Progressive renal insufficiency, hypercalcaemia, bicytopaenia and a history of breast cancer

Sebastian Letterer 1, Ulrich Lindner 1, Heinz-Wolfram Bernd 2, Florian M Vogt 3, Udo Helmchen 4, Hendrik Lehnert 1, Christian S Haas 1
PMCID: PMC4421631  PMID: 25984096

Abstract

Sarcoidosis can affect all organs and may mimic a variety of other diseases. In the absence of typical pulmonary features, extrapulmonary manifestations may be difficult to diagnose. We describe here the very uncommon case of a patient with mild pulmonal involvement but distinct renal, bone marrow and lymph node sarcoidosis. Treatment with glucocorticoids significantly improved kidney function and normalized serum calcium levels as well as the blood count. This case underscores the importance of sarcoidosis to be considered as a differential diagnosis of renal failure associated with hypercalcaemia and nephrocalcinosis. Bone marrow involvement should always be suspected if mono-, bi- or pancytopaenia coexist.

Keywords: bone marrow, interstitial nephritis, renal insufficiency, sarcoidosis

Background

Progressive renal failure is a common scenario in clinical practice. In many cases, the cause is obvious. In some cases, however, the patient’s history and clinical presentation may be misleading. We report here the case of a woman admitted for progressive renal failure with a history of hypertension, osteoporosis and recent therapy for breast cancer, presenting with significant hypercalcaemia, hyperphosphataemia and bicytopaenia. Further evaluation revealed an unexpected diagnosis.

Case report

A 70-year-old woman with a history of hypertension and osteoporosis presented with progressive renal insufficiency, abnormal fatigue for several months and increasing shortness of breath during exercise. Five months previously, an invasive ductal breast carcinoma (pT2, pTis, pN0, cM0 and R0) had been diagnosed, and the patient underwent breast-conserving tumour resection, followed by adjuvant radiotherapy and treatment with a non-steroidal aromatase inhibitor. On admission, the patient appeared to be in a good general condition (weight 53 kg, height 168 cm and BMI 19 kg/m2) and seemed only slightly affected. Vital signs were normal (blood pressure 130/60 mmHg and heart rate 80 bpm), and physical examination was unremarkable. The patient’s medication included letrozole, calcium and vitamin D3. Previous administration of alendronate had been stopped before admission. Laboratory testing showed impaired renal function with a creatinine of 297 μmol/L and an estimated glomerular filtration rate (GFR) of 14 mL/min/1.73 m2. Serum calcium level was significantly elevated (3.6 mmol/L) in the presence of slightly lowered serum albumin (31 g/dL). A blood count showed normocytic anaemia (haemoglobin 11,5 g/dL), leucocytopaenia (2840/μL) and a normal platelet count; a differential blood count revealed significant lymphocytopaenia (227/μL). Further biochemical tests demonstrated hyperphosphataemia (2.4 mmol/L) but normal values for parathyroid hormone and C-reactive protein. Urinalysis showed signs of prevailing tubulointerstitial nephritis with minor leucocyturia, predominant tubular proteinuria and mild haematuria.

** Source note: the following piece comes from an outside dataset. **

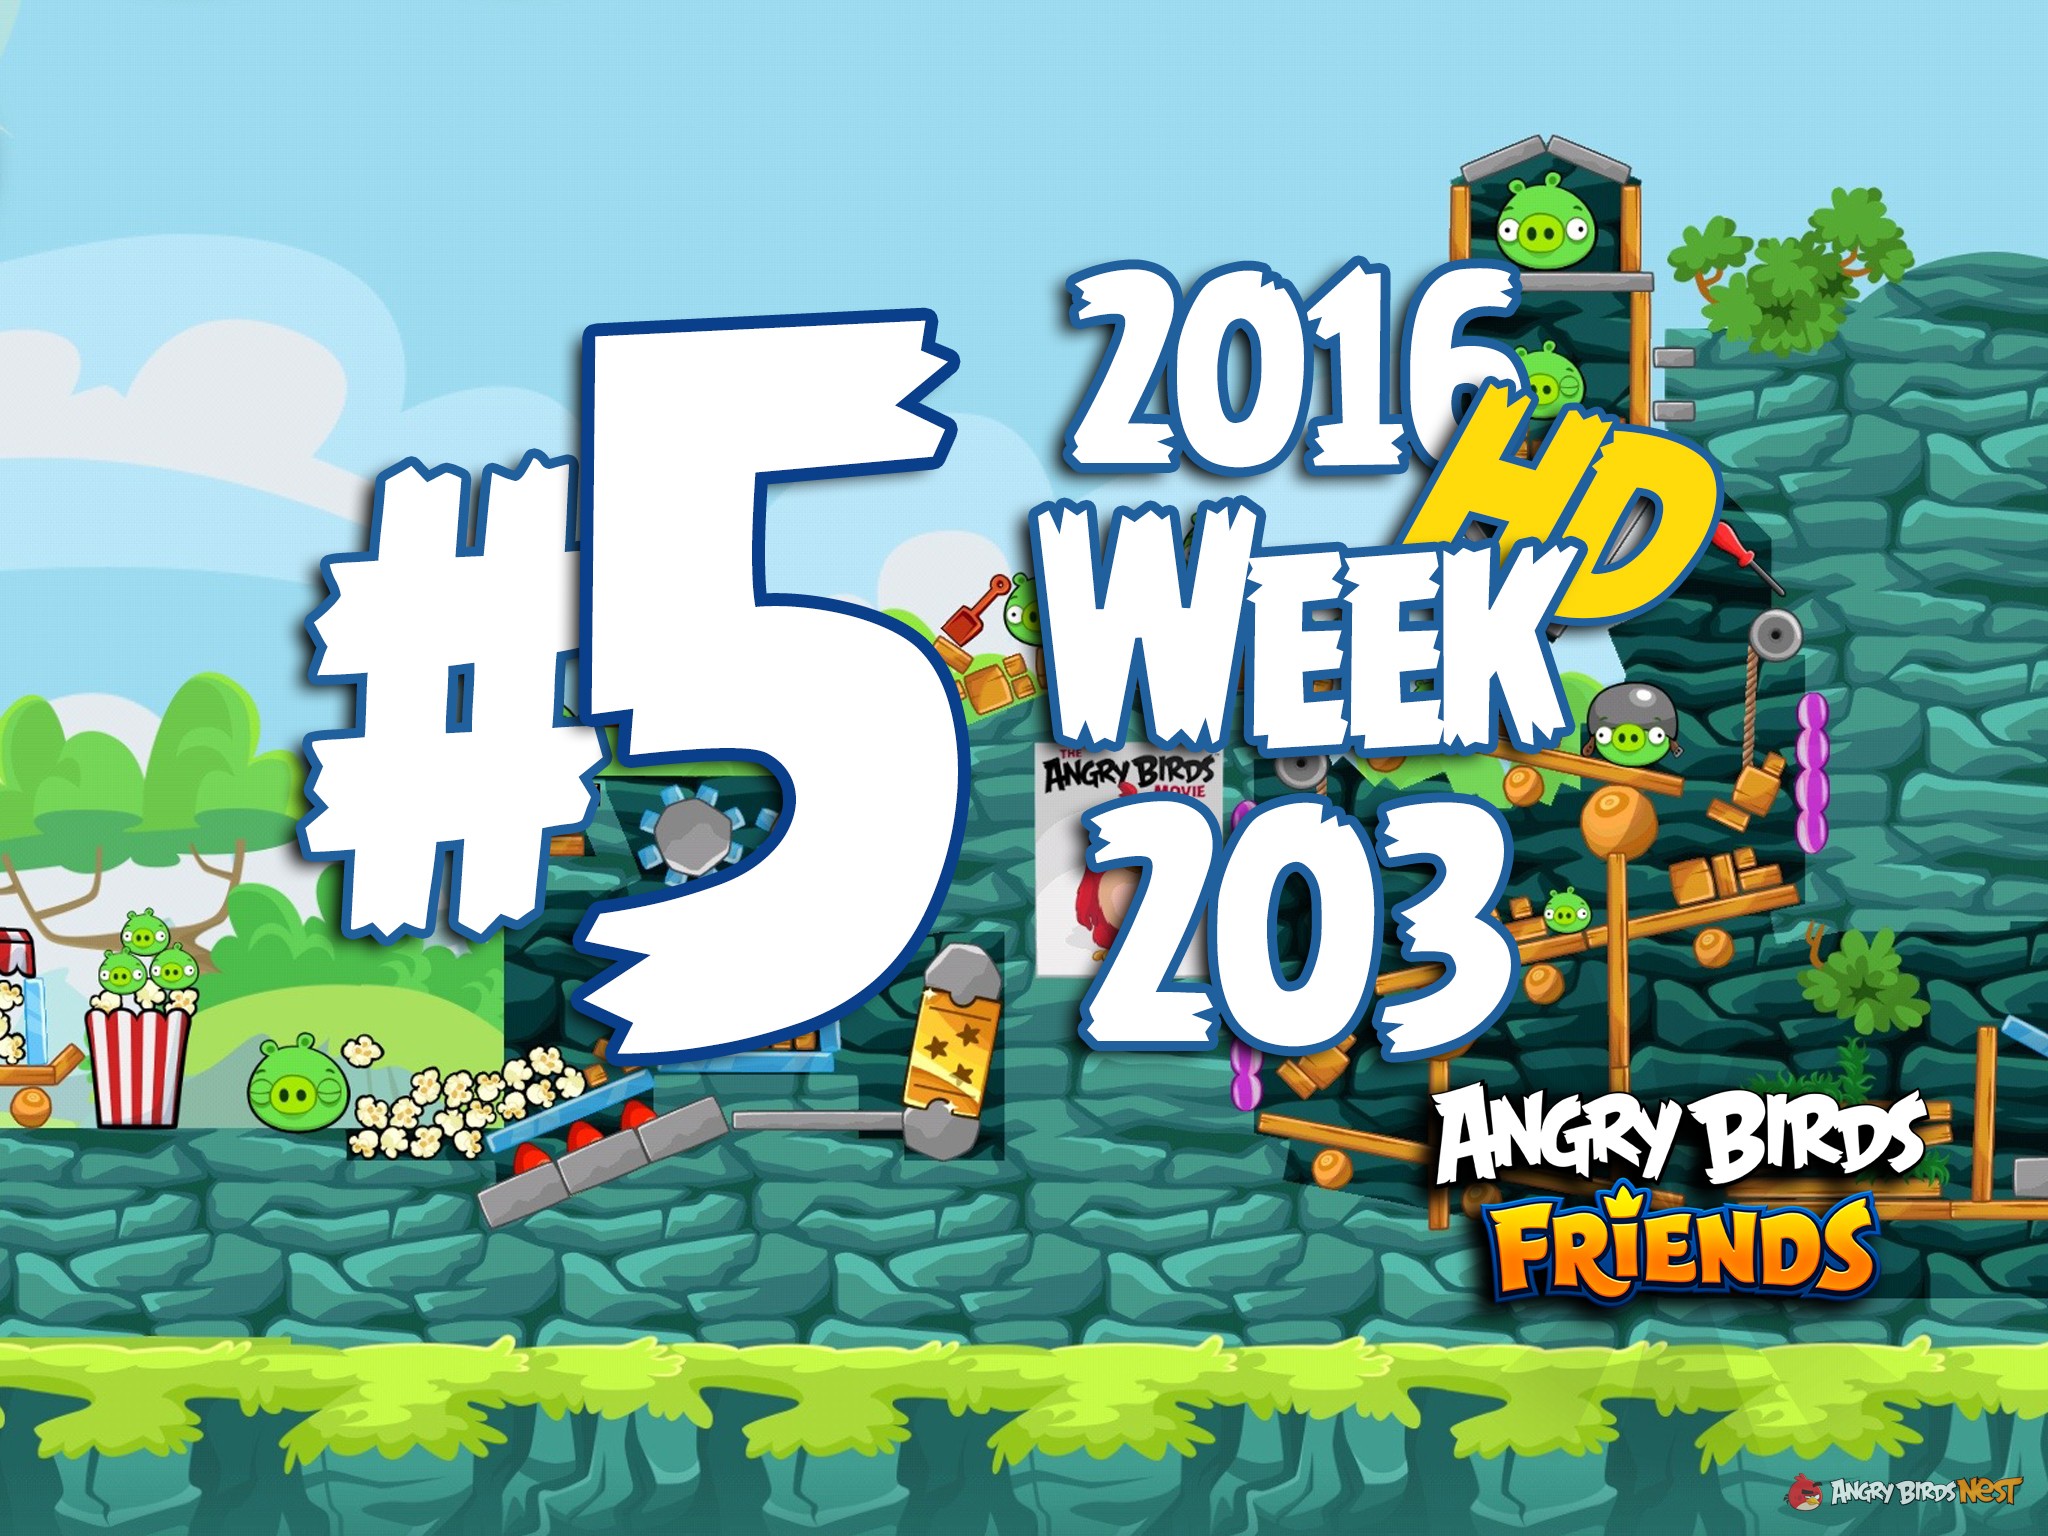 Angry Birds Friends Tournament Level 5 Week 203 Walkthrough | March 31st 2016

A diagnostic work-up was performed to establish the cause of hypercalcaemia and bicytopaenia and to identify the underlying renal disease. A skeletal scintigraphy ruled out bone metastatic disease, and abdominal ultrasound did not show any isolated metastases or a tumour mass. Renal ultrasound demonstrated kidneys of normal size with hyperechoic parenchyma and hypoechoic pyramids as well as signs of nephrocalcinosis. Computed tomography of the chest revealed two new very small nodular lesions in both upper lobes; however, there was no notion of enlarged intrathoracic lymph nodes. Spirometric testing was within the normal range (FEV1 85%, VCin 99%, FEV1/VCin 90% and pO2 84 mHg). Subsequent bronchoscopy showed a macroscopically normal bronchial system, and bronchoalveolar lavage did not reveal suspicious cells or any infectious pathogen but a lymphocytic cell profile with an elevated T4/T8 ratio of 5.5. A renal biopsy was performed: histopathology displayed a few moderate epithelioid cell granulomas with interstitial nephritis, slight nephrocalcinosis and moderate focal tubular atrophy, suggesting sarcoid nephropathy (Figure 1A and B). Bone marrow biopsy demonstrated impaired haematopoiesis with slight siderosis, moderate plasmocytosis and surprisingly also an epithelioid cell granuloma (Figure 1C), consistent—although non-specific—with manifestation of sarcoidosis. Immunophenotyping of the bone marrow revealed CD138/CD19-positive plasma cells, but no light chains or any other B- or T-cell clonal disease. Revision of a lymph node biopsy, previously performed for staging of the breast cancer, also revealed an epithelioid cell granuloma (Figure 1D). Further laboratory testing was negative for immunological antibodies, including antinuclear antibodies and c- and p-ANCAs, but showed elevated serum levels for angiotensin-converting enzyme (137 U/L, normal < 52). Echocardiography demonstrated moderate left ventricular hypertrophy with normal systolic function and slight diastolic dysfunction.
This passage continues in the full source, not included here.